▶ **Task brief**
This exercise calls for the whole listing to be given again exactly, without images.

▶ **Stored data**
▶

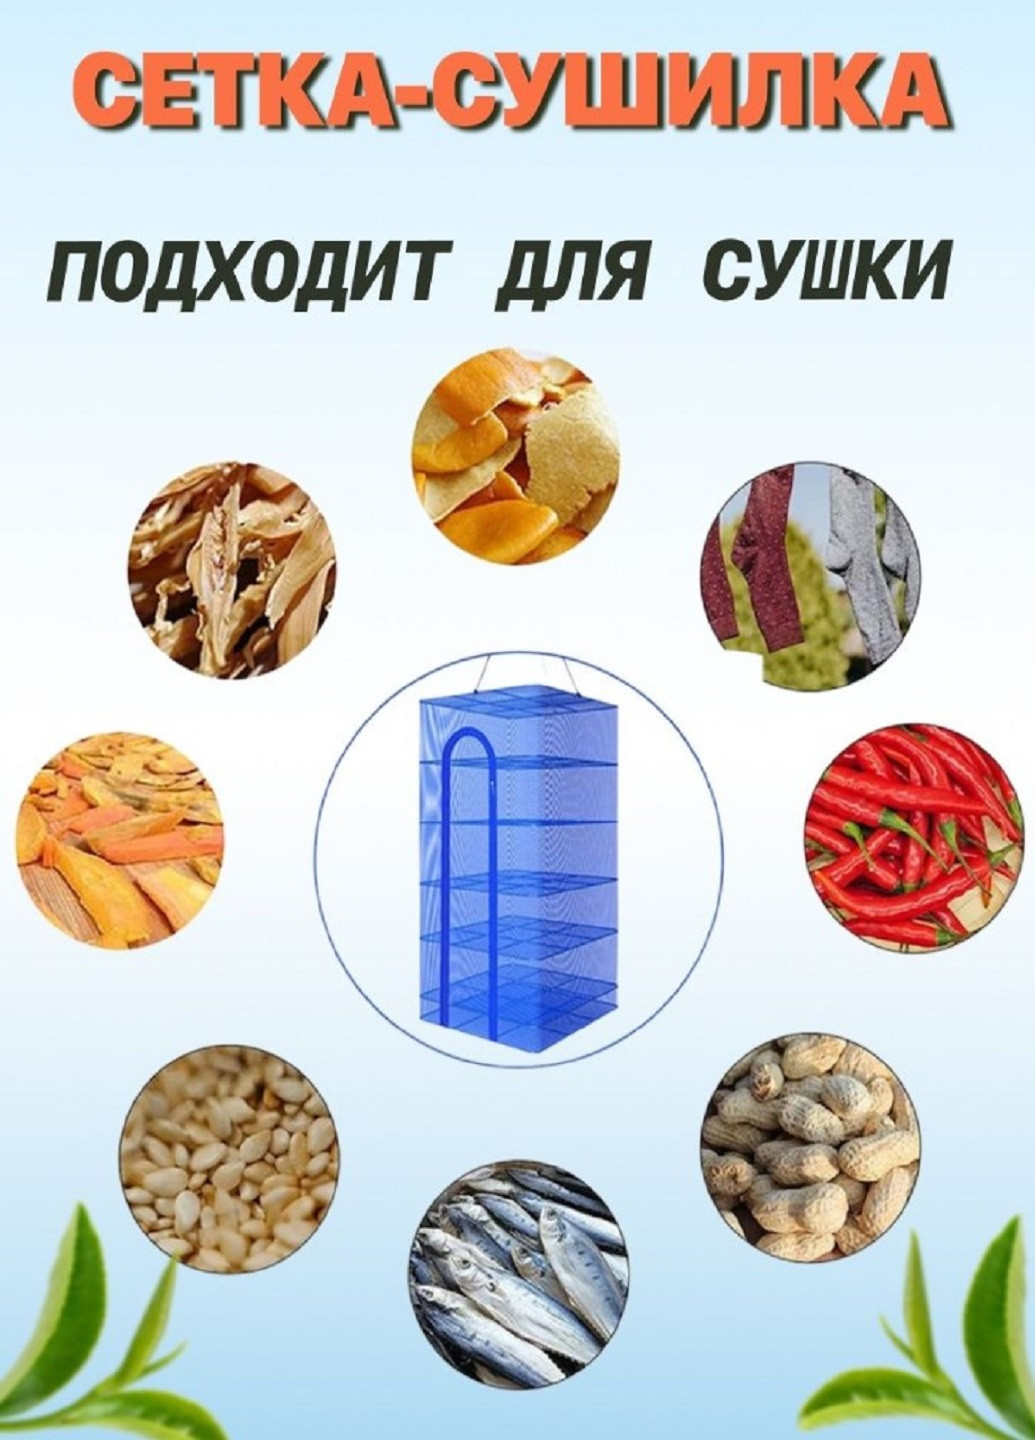 Універсальна підвісна сушка сітка для риби, фруктів, грибів з блискавкою 5+1 ярусів VTech (262006819)
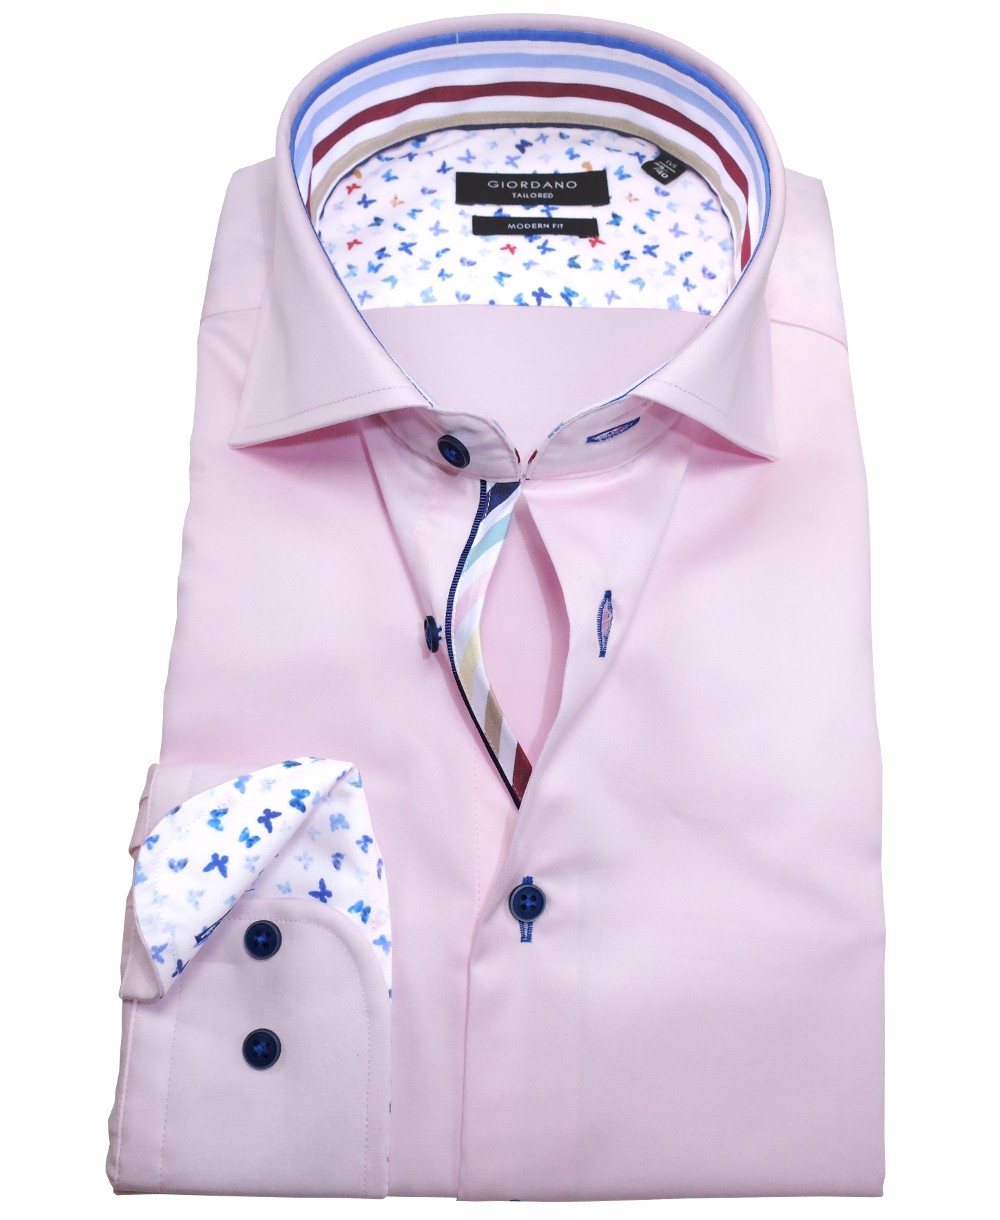 Giordano Langarmhemd Modern Fit rosa Hochwertige bunten fairen weiss Patches mit führender Marken zu Herrenmode 
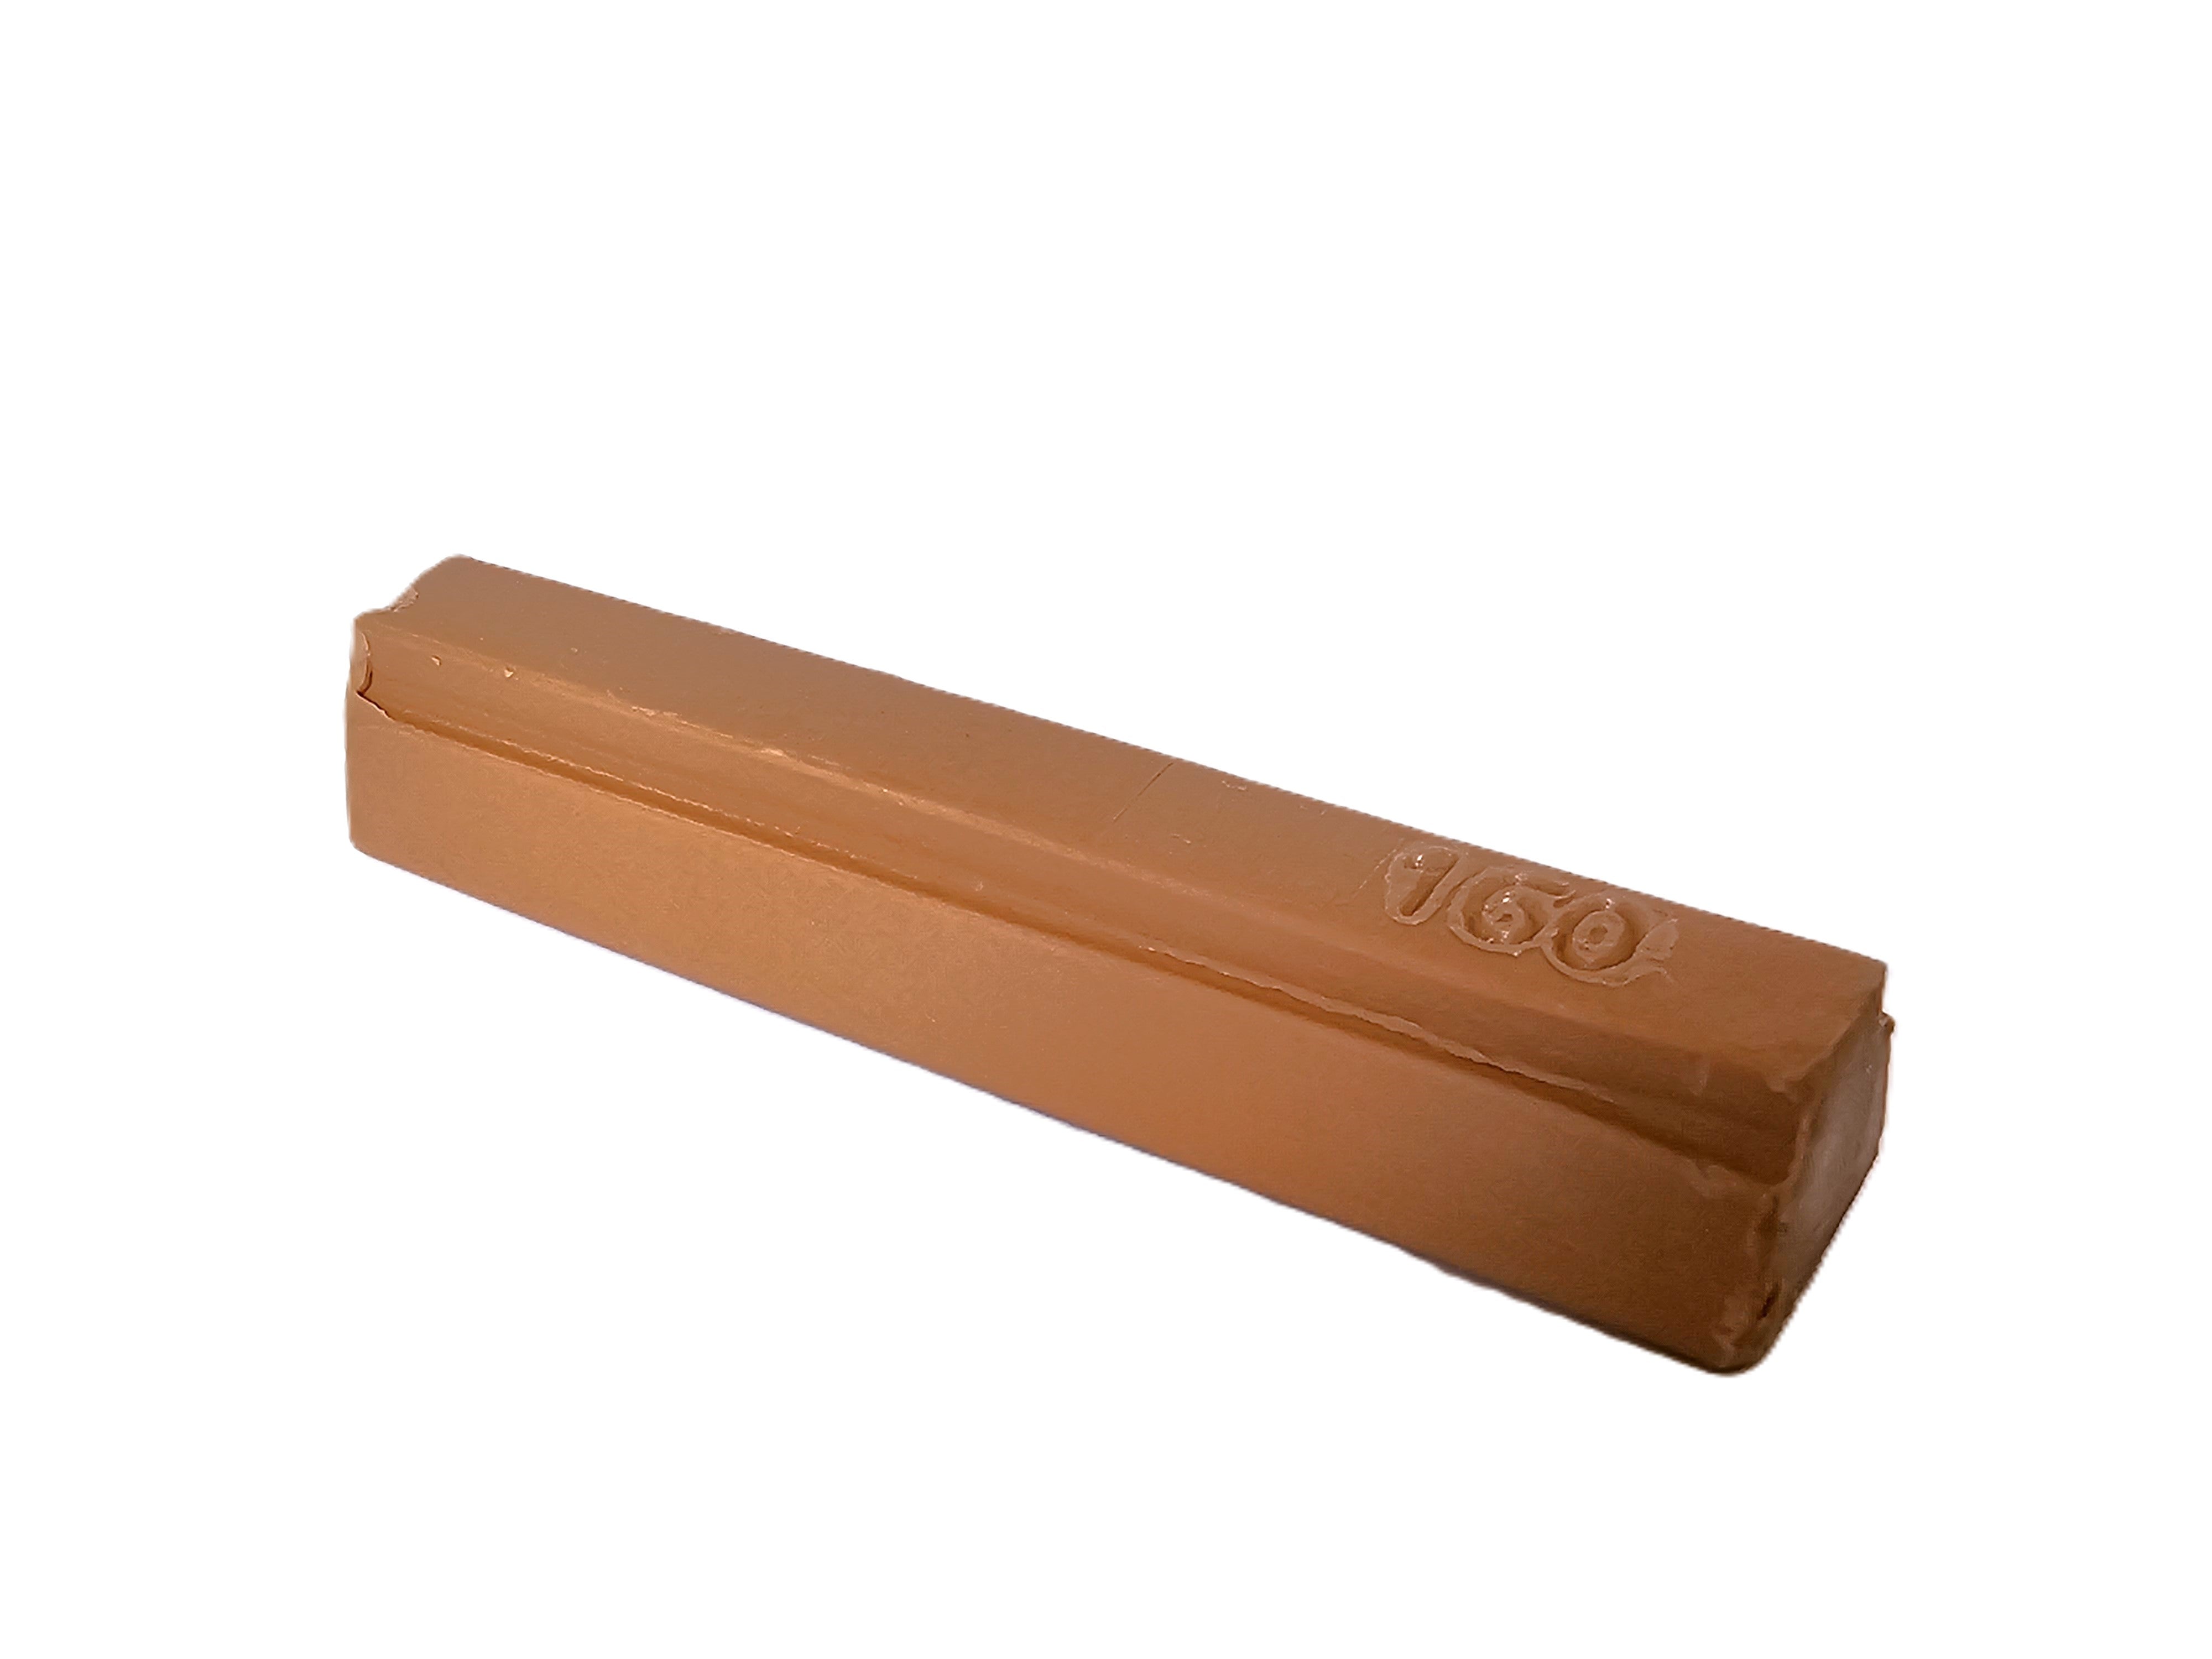 Konig 8cm Soft Wax or Hard Wax Filler Stick 160 MEDIUM ALDER
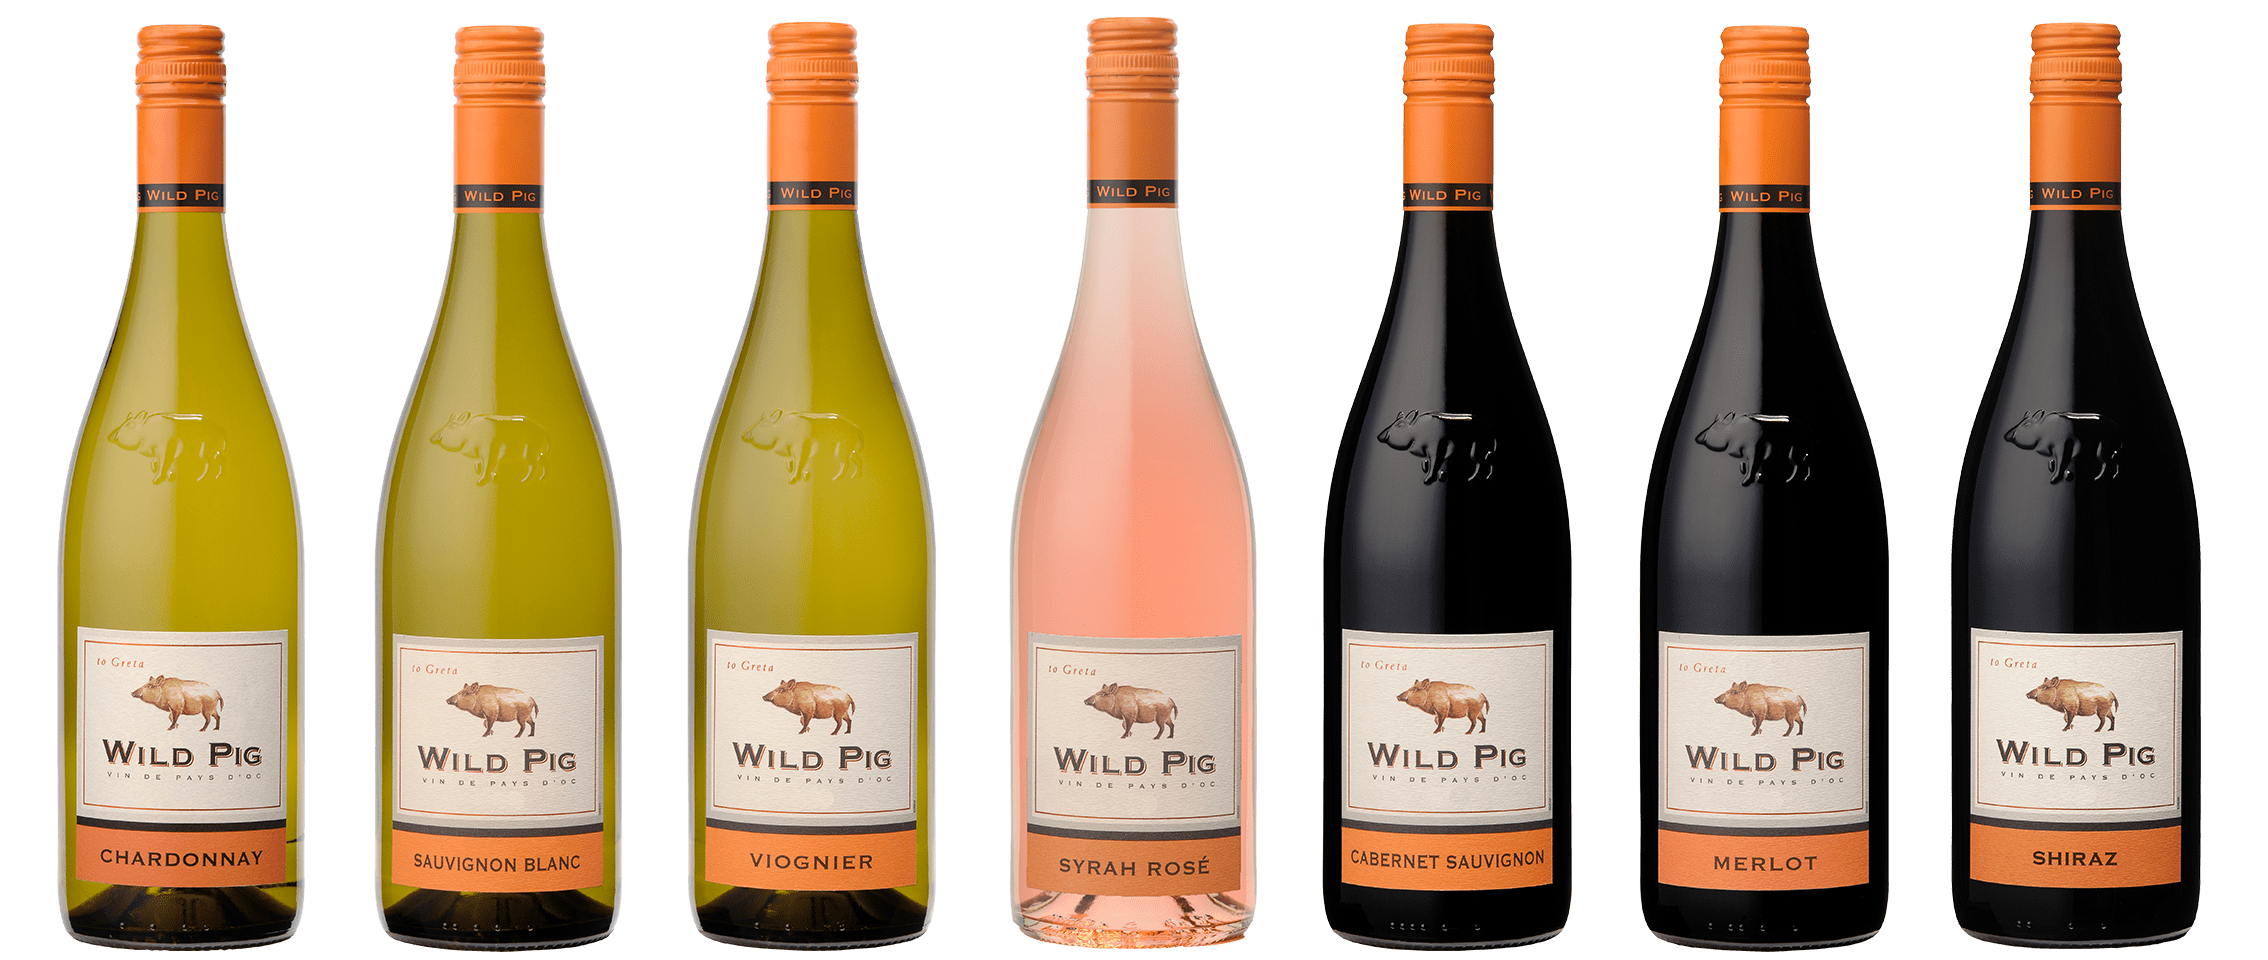 wild pig wijnen

◀

▶ **Task output**
 Універсальна підвісна сушка сітка для риби, фруктів, грибів з блискавкою 5+1 ярусів VTech (262006819)
 Giordano Langarmhemd Modern Fit rosa Hochwertige bunten fairen weiss Patches mit führender Marken zu Herrenmode 
 Konig 8cm Soft Wax or Hard Wax Filler Stick 160 MEDIUM ALDER
 wild pig wijnen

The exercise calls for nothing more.